▸ **To do**
Scan the records below for the line with "Safety 1st Store" and the line with "STRANGE YELLOW MUSHROOMS", and retype that range exactly, both ends included, pictures excepted.

▸ **Record extracts**
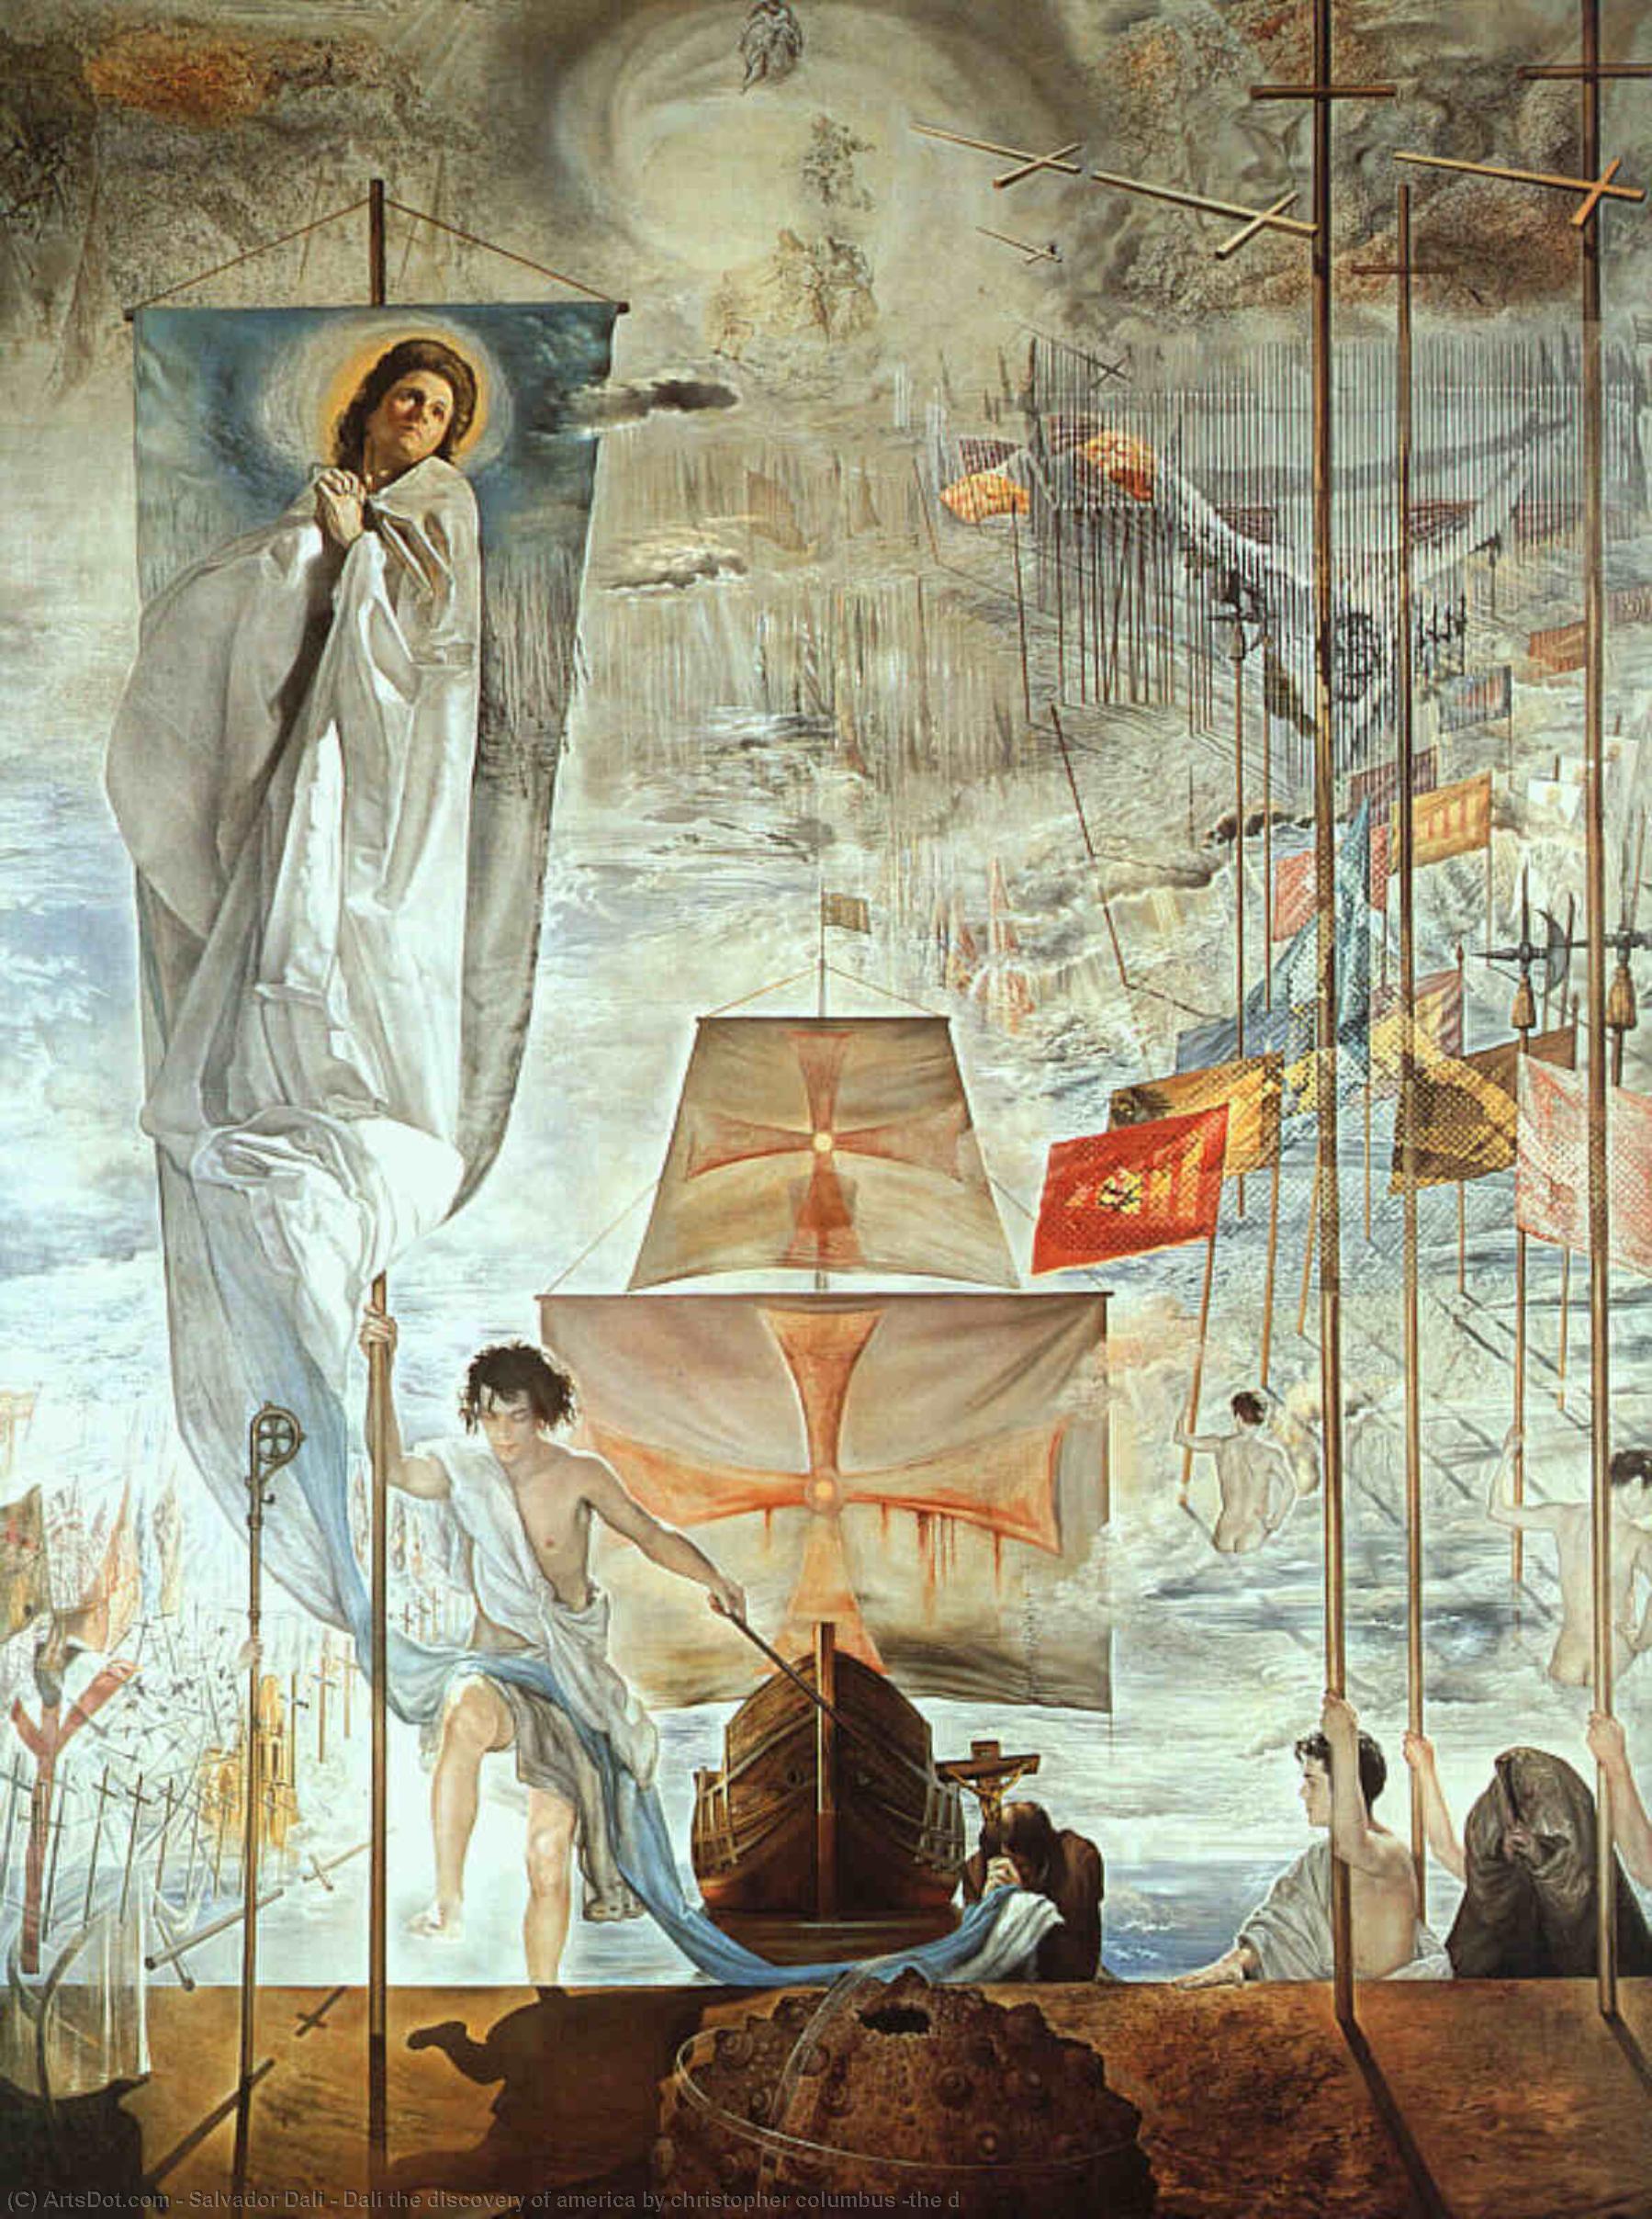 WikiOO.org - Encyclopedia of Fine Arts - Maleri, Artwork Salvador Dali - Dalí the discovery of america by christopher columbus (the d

--

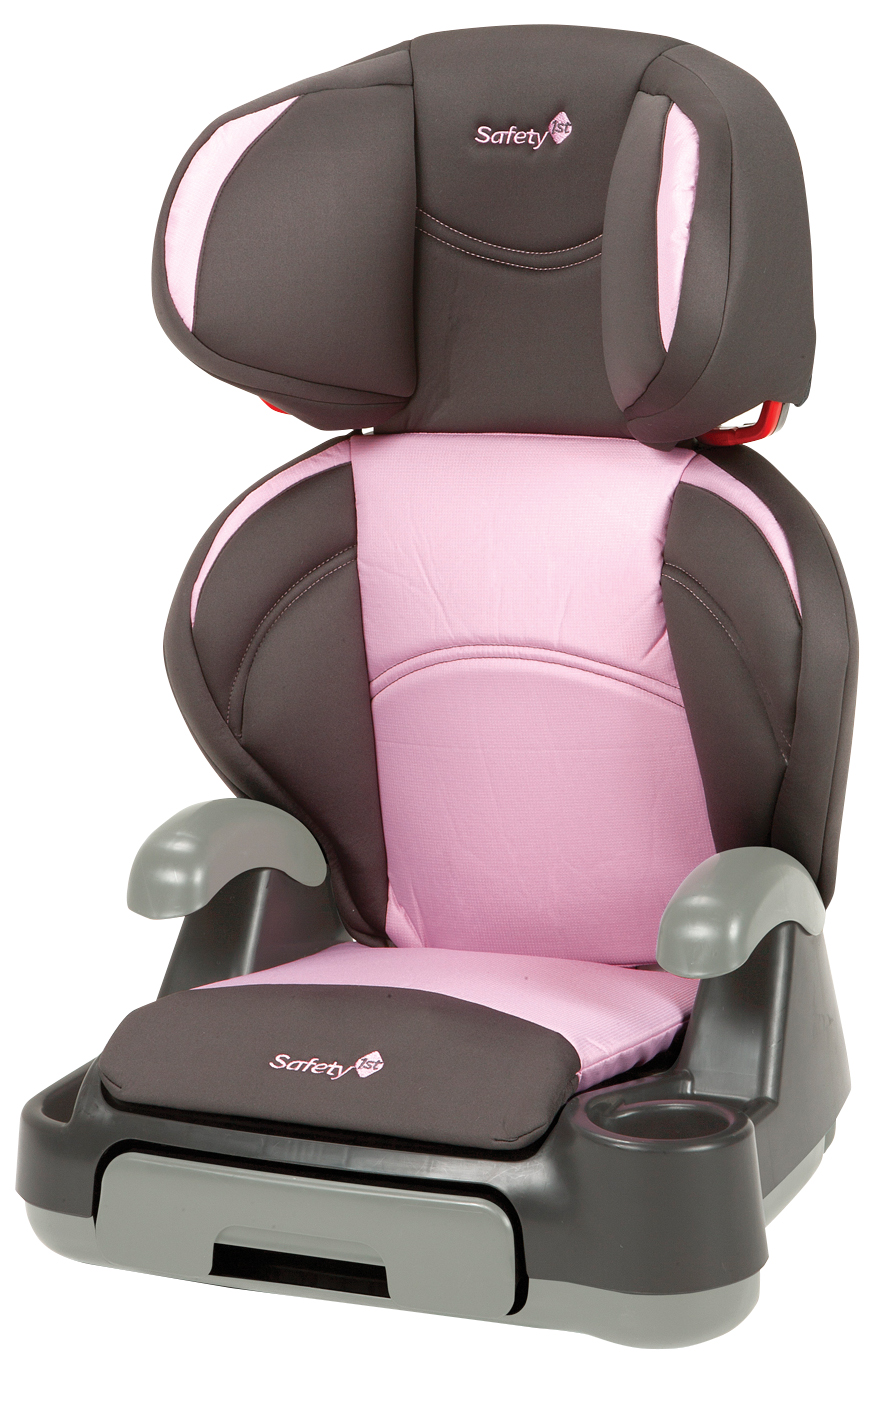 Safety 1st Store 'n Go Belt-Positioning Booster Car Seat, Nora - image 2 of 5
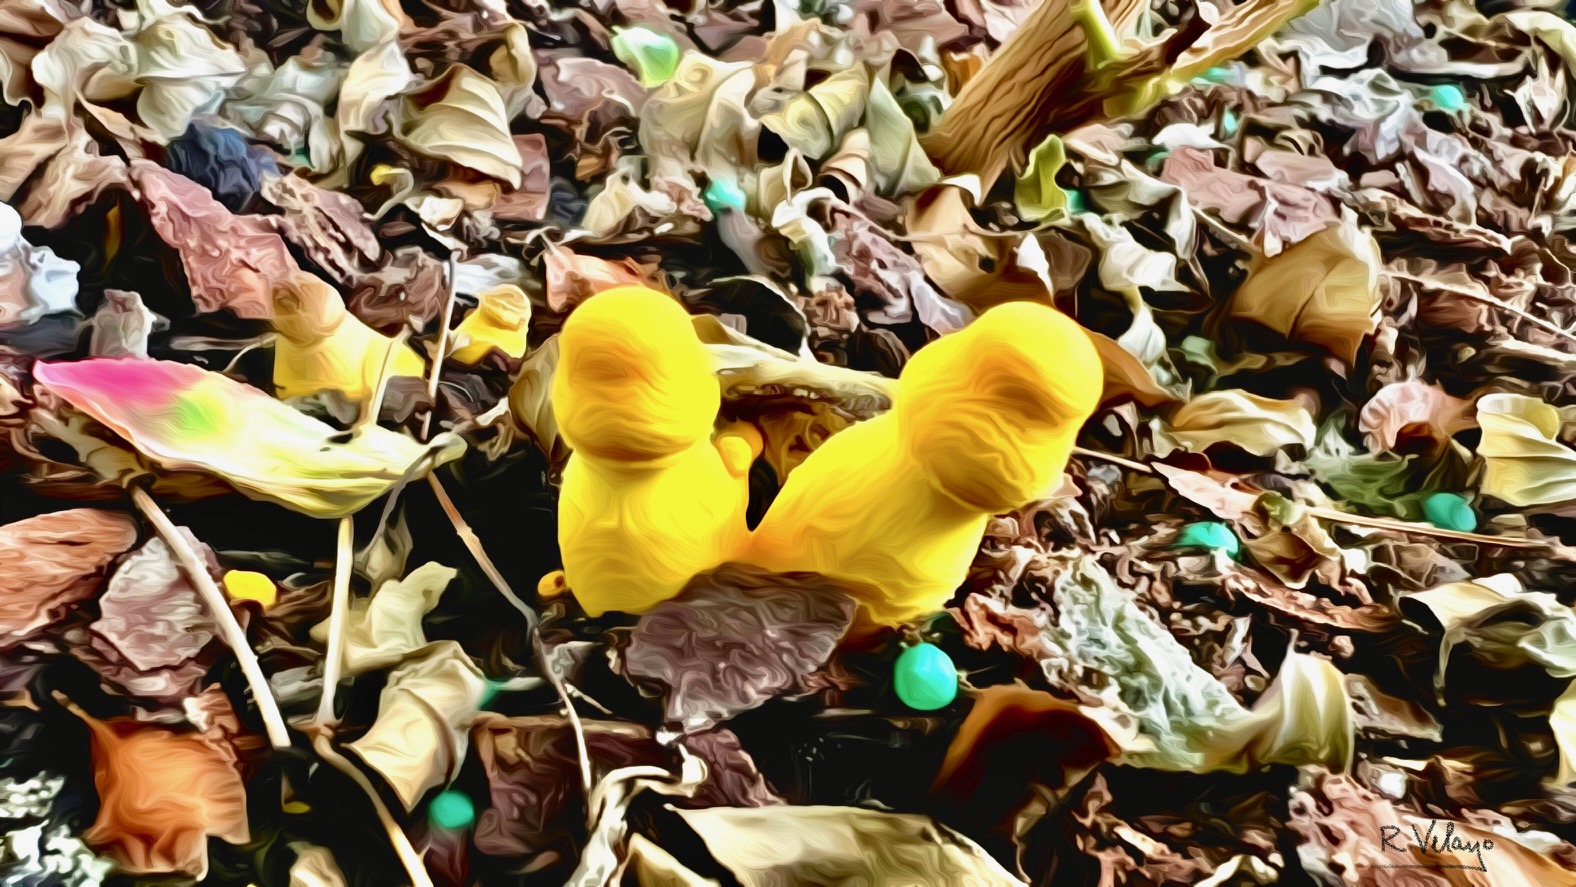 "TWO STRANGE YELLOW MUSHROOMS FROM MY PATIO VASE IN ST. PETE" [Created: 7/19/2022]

---

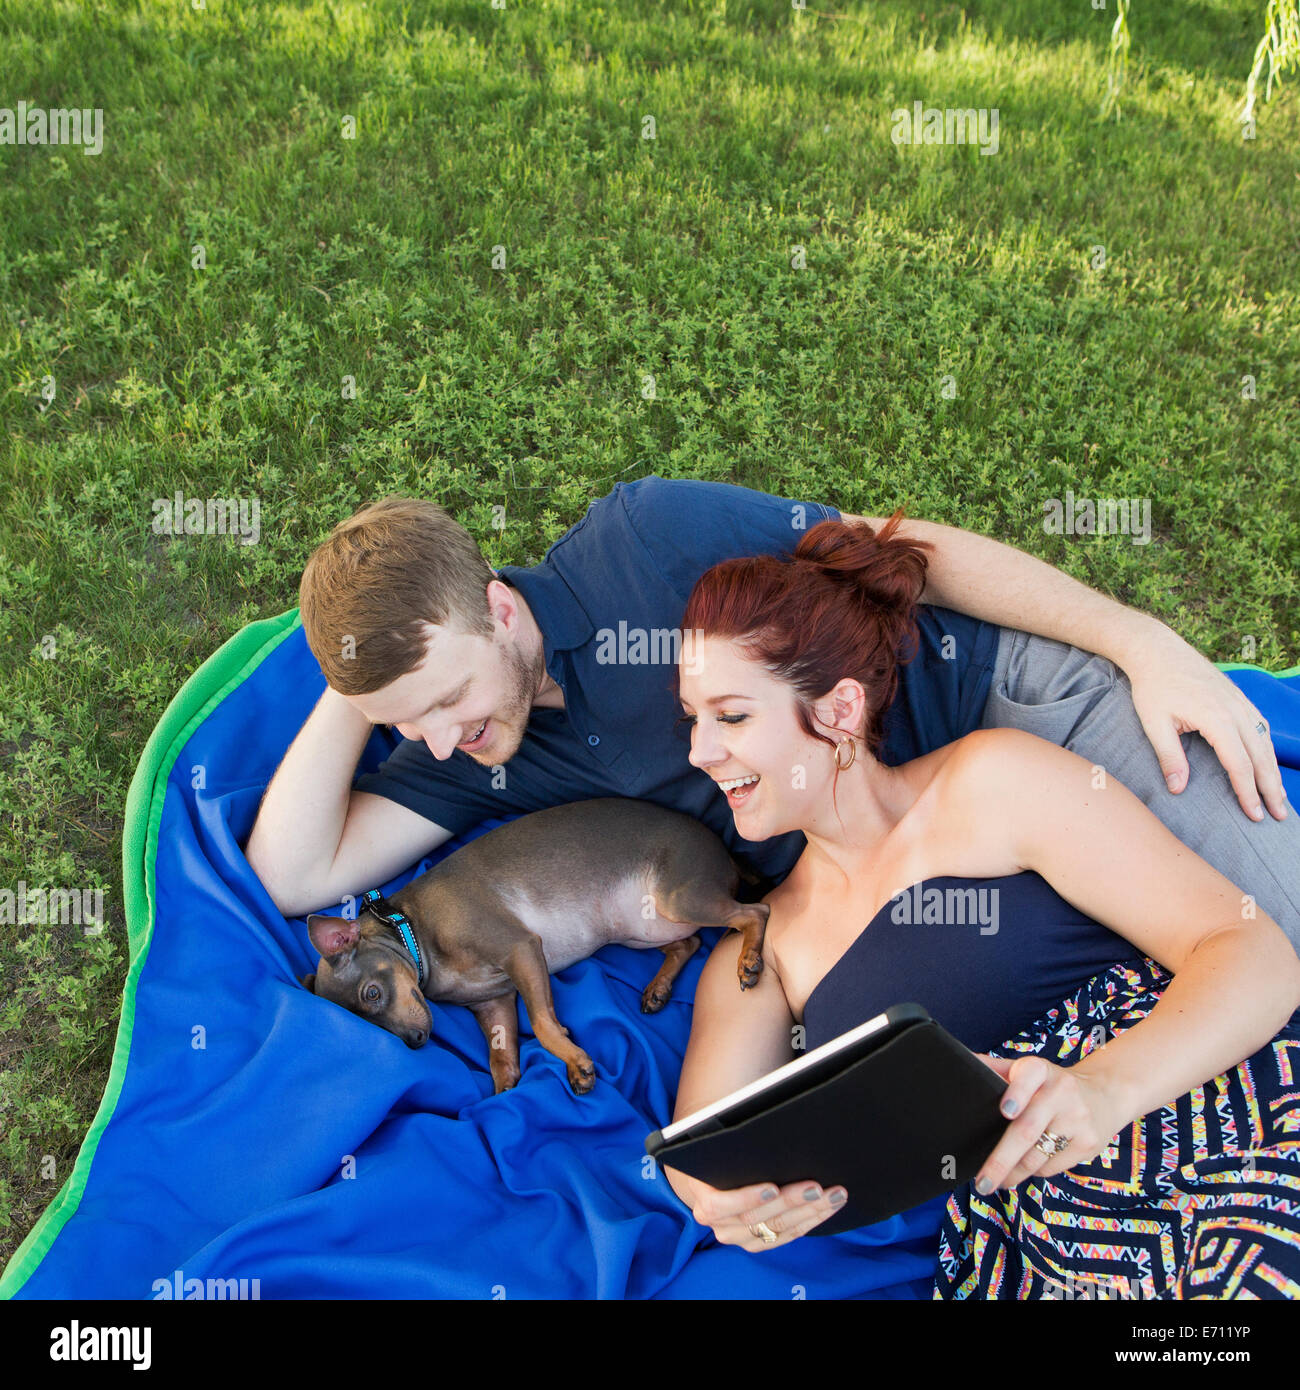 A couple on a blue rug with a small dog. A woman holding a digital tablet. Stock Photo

▸ **Result of this exercise**
 Safety 1st Store 'n Go Belt-Positioning Booster Car Seat, Nora - image 2 of 5
 "TWO STRANGE YELLOW MUSHROOMS FROM MY PATIO VASE IN ST. PETE" [Created: 7/19/2022]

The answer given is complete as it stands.